The scientists looked specifically at how contaminated surfaces transmit flu and similar viruses; other nasties, such as norovirus, no doubt follow the same pattern.

Parents may be alarmed that the highest incidence, with two out of three samples showing evidence of a virus, was on “a plastic toy dog in the children’s playground”. But close behind, with half the samples containing viruses you really don’t want to catch, were the plastic trays at the security checkpoint.

The near-ubiquitous use of these trays is a relatively new phenomenon. In the olden days, when I worked in security at Gatwick, your bag trundled through the X-ray scanner on its own. But in an age when laptops and, often, shoes need to be checked separately, trays are the way to keep airport security queues moving.

“Of the surfaces tested, plastic security screening trays appeared to pose the highest potential risk, and handling these is almost inevitable for all embarking passengers,” concluded the study.

“Each security tray is rapidly recycled and potentially touched by several hundred passengers per day.”

Travellers who acquire respiratory ailments during their journeys often blame poor air circulation on board aircraft for their illness. But the research shows a strong possibility that they picked it up right at the start of the journey.

The research is aimed at recognising “hot spots” for contact transmission risk – which could be vital during the next pandemic. But passengers have their part to play by not travelling when they are ill.

This week an Emirates flight from Dubai was temporarily quarantined when it arrived at New York JFK because some passengers reported feeling ill. On the One Mile At A Time blog, one online comment from “Larry In NYC” read, alarmingly: “Will be on that flight with my family on Saturday – and two of them have been running a temperature and coughing (bacterial bronchitis they picked up from the third family member before we left home).”

Quite rightly, cabin crew are told not to fly when they are suffering from contagious conditions. Airlines should also make it easy (and free) to postpone flights when passengers present medical evidence of the threat they pose to other travellers.

The best way not to become contagious yourself, of course, is not to get ill in the first place. No doubt you are meticulous about personal hygiene in normal life. But in the highly pressurised environment of an airport, it may be that you go straight from security to sit down and eat a meal.

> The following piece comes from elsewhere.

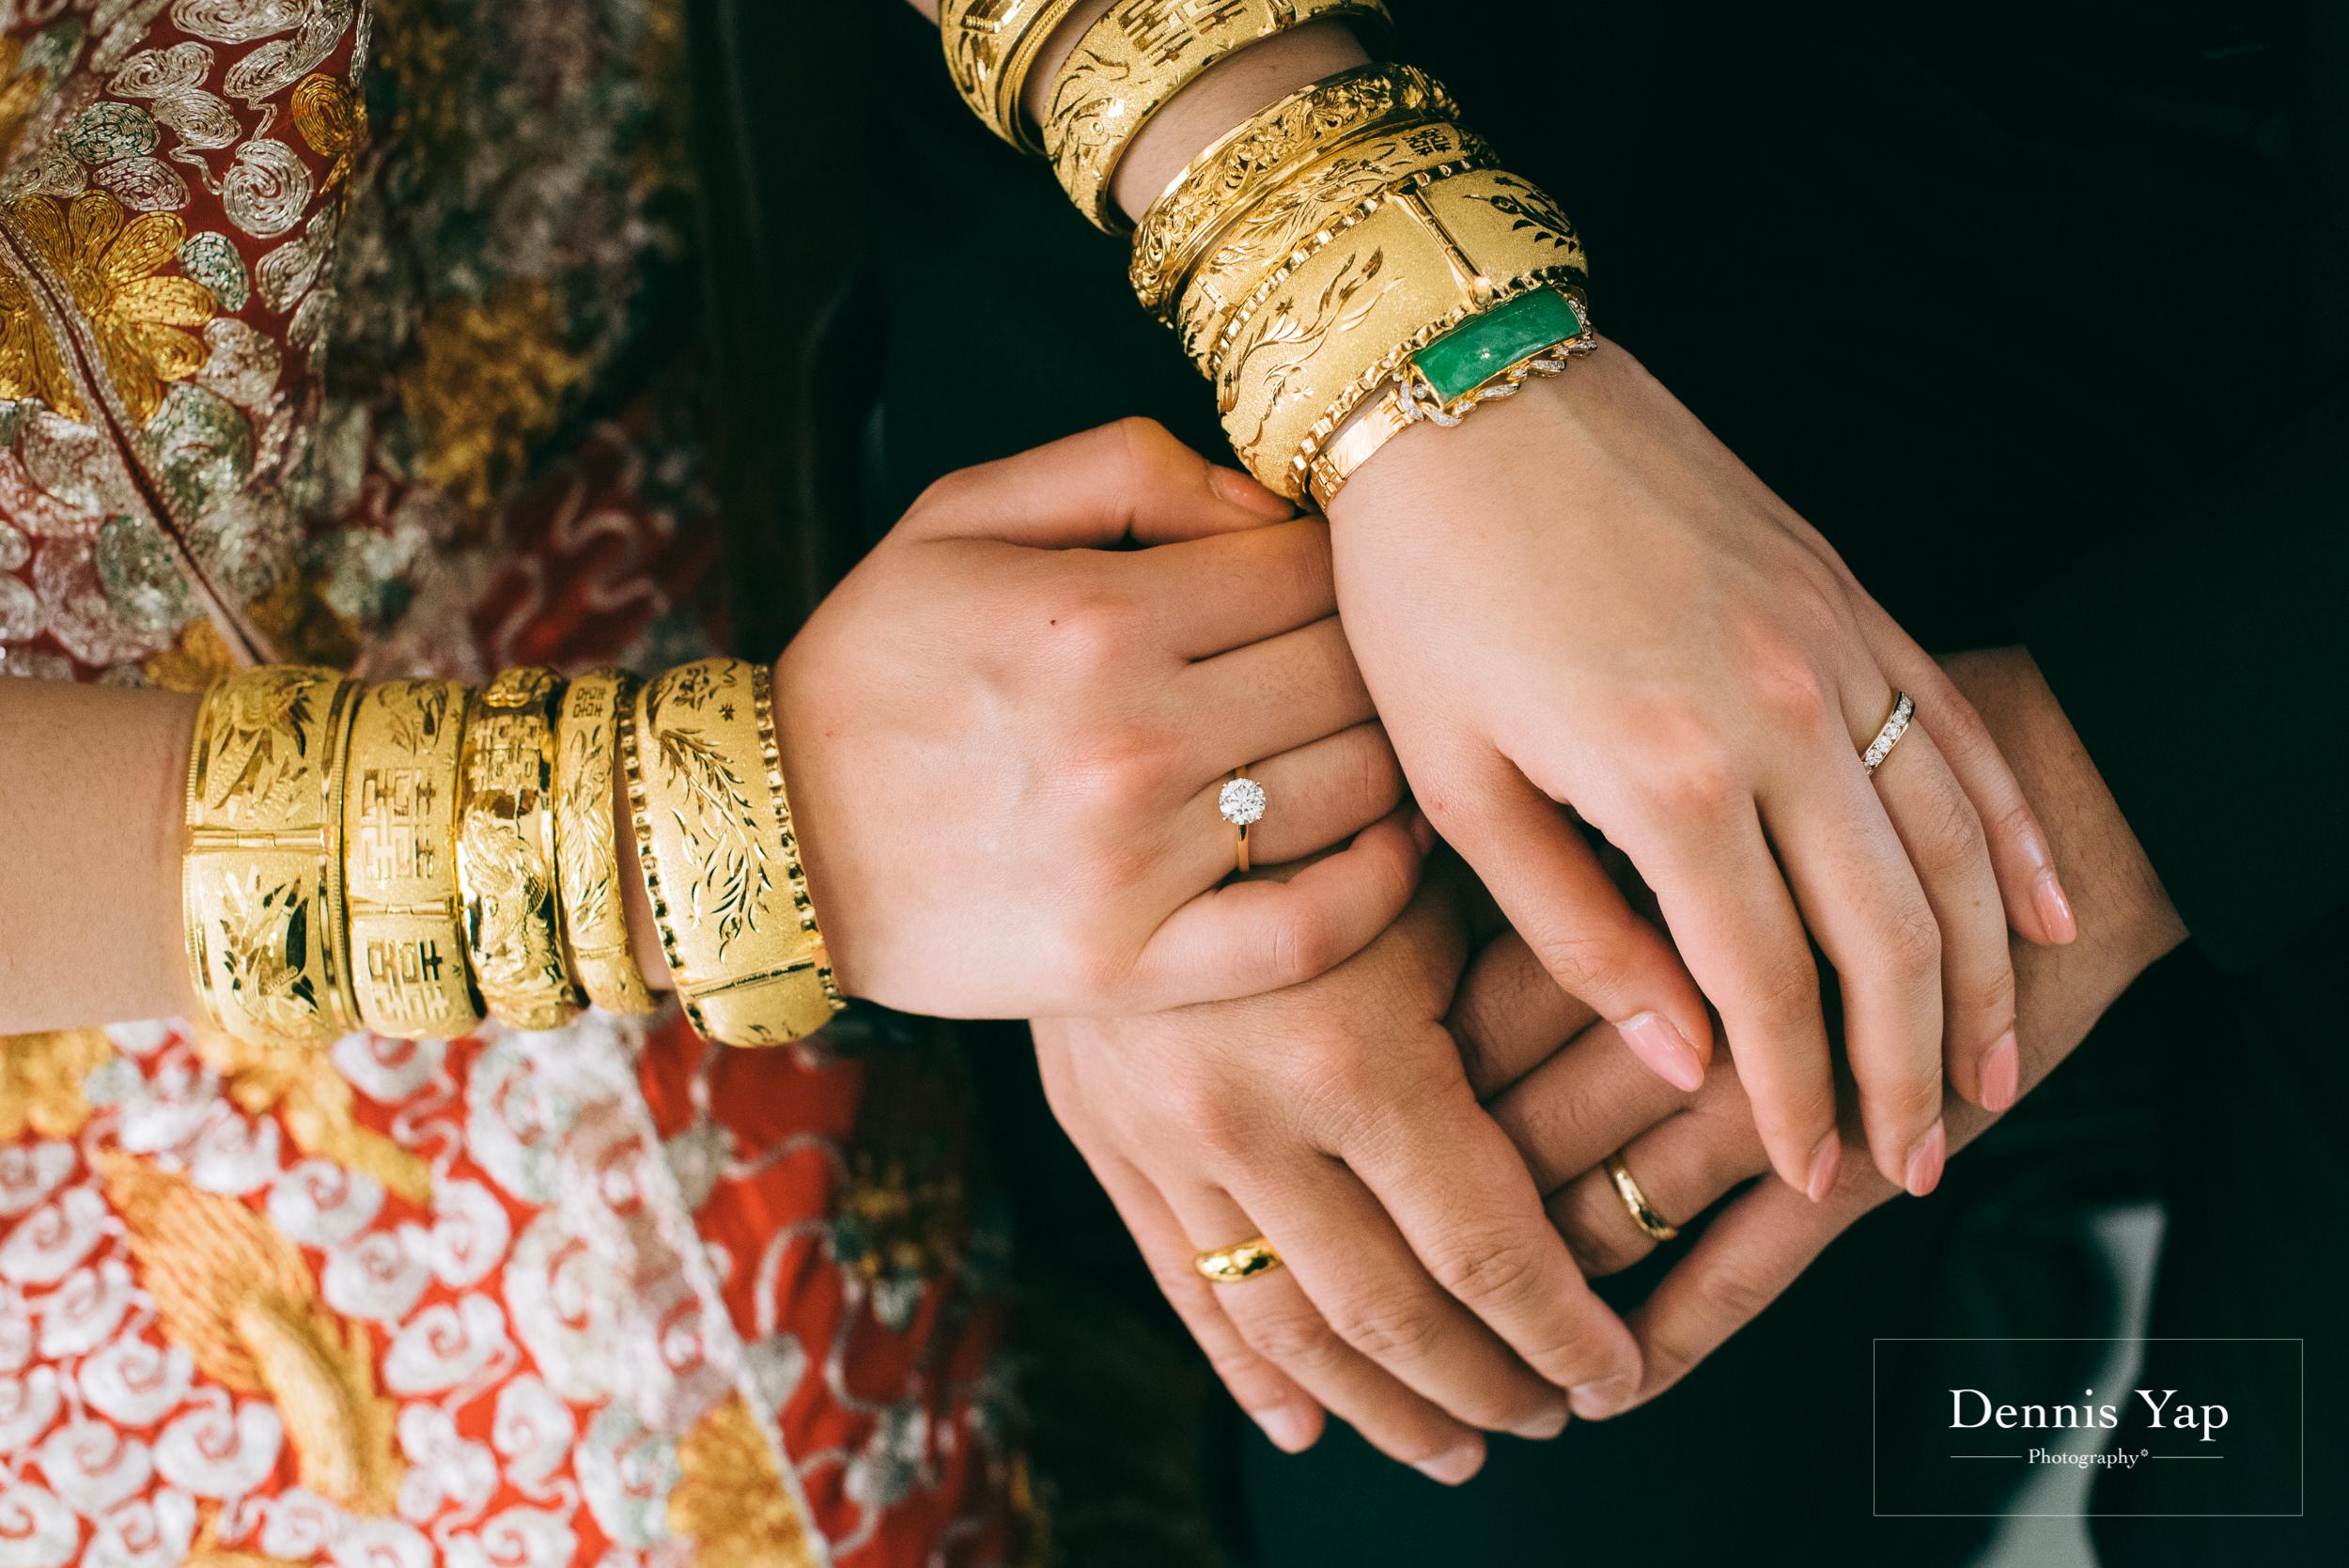 wai keong jenny wedding day bangsar dennis yap photography emotions beloved family-25.jpg
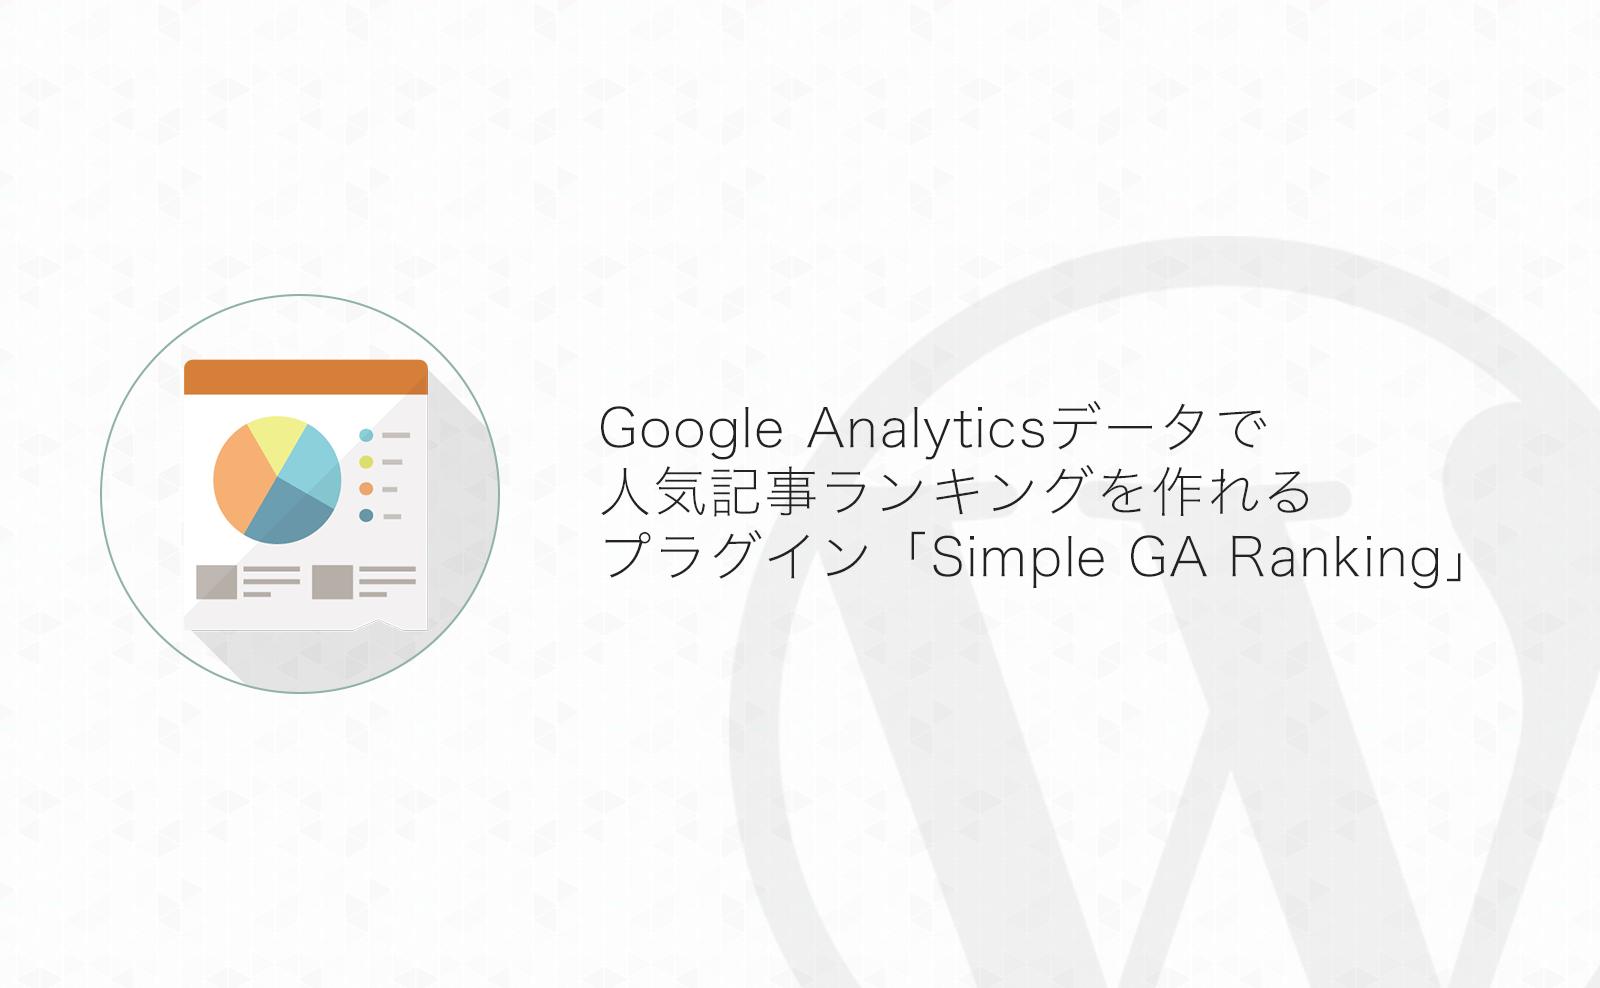 【WordPress】Google Analyticsのデータで人気記事ランキングを作れるプラグイン「Simple GA Ranking」が軽くてよさげ

Should you meet me in an airport security queue, I may be cheerfully stacking the plastic trays to speed the flow of passengers (and, in the case of Gatwick, to assist my ex-colleagues). But as soon as I am “airside”, I will go straight to wash my hands in the obsessive manner of Lady Macbeth.

By bringing the people of the world together, aviation inadvertently combines their various malaises in a terrifying microbial cocktail.

The other airport hotspot? After reading the survey I learned why you should always use contactless payment when paying at a pharmacy.

“Both rhinovirus and coronavirus OC43 were detected in the same sample from buttons of the payment terminal at the pharmacy,” said the researchers.

It does not take Sherlockian powers of deduction to work out that many of the people paying for stuff at pharmacies are unwell. Remember that when you’re queueing to pay for those now-essential wet wipes.